La pequeña La Hua lo miró, luego observó alrededor, y comprendió de inmediato.
Dong Fang Qingcang había enviado que la serpiente demoníaca los llevara a esta isla deshabitada para asegurarse de que ella no pudiera escapar mientras él dormía.
¡Qué...
La pequeña La Hua mordió su labio mientras miraba la cara ensangrentada de Dong Fang Qingcang. Su ira parecía coagularse en su interior, pero no lograba concentrarse.
¿Tan duro se había esforzado para mantenerla atrapada?
El islote estaba lleno de rocas y sin ninguna hierba, así que la pequeña La Hua caminó por toda la isla antes de regresar a la orilla para seguir vigilando a Dong Fang Qingcang. Aparatosa y aburrida, se tumbó al lado del demonio y quedó dormida.
Durante una noche tranquila, la pequeña La Hua despertó con el sol ardiente. Abrió los ojos y casi le cegaron con su intensidad.
Las rocas oscuras aumentaban de temperatura junto con el sol. La pequeña La Hua miró a Dong Fang Qingcang, quién dormía en la roca. Decidió que necesitaba un refugio para protegerse del sol.

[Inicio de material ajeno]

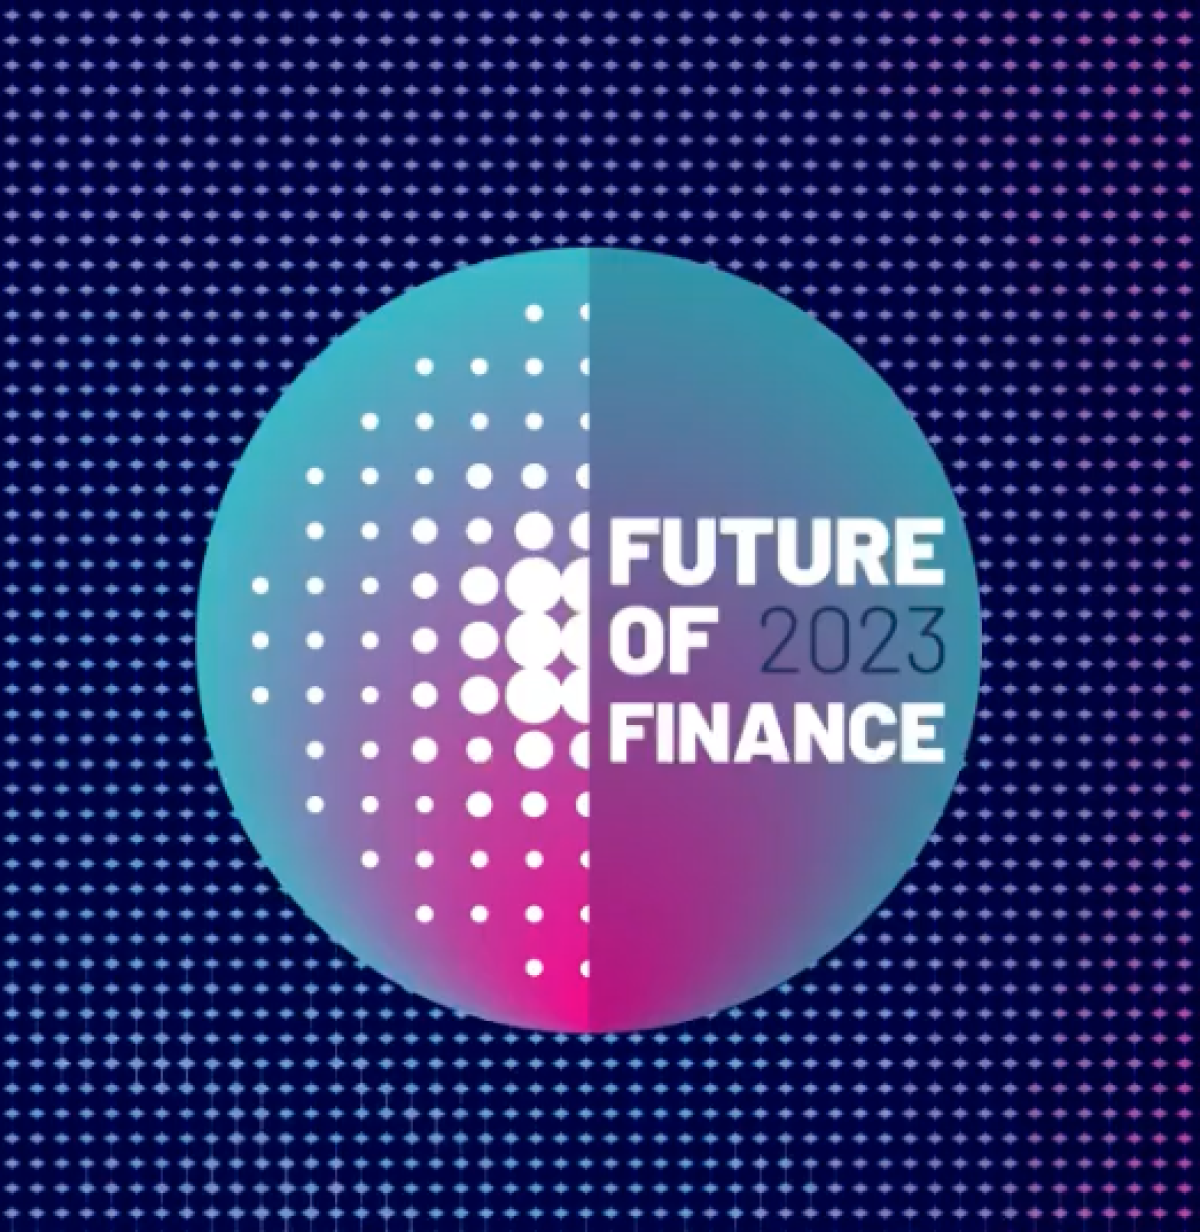 Be early to the future of finance

Después de vagar por la isla y estudiar cuidadosamente las rocas, encontró una cueva que daba sombra de todos lados.
Construyó un cuello con Dong Fang Qingcang, lo movió a la cueva y luego regresó agotada. Las ropas de Dong Fang Qingcang estaban rasgadas.
El demonio dormía boca arriba en el suelo, con su cabello plateado cubriéndolo todo, como si hubiera sido abandonado...
Nadie sabía que Dong Fang Qingcang estaba desconcertado y sin importarle. La pequeña La Hua se aburría esperando a Dong Fang Qingcang por largas horas. El sol había subido en dos ocasiones cuando él seguía inconsciente.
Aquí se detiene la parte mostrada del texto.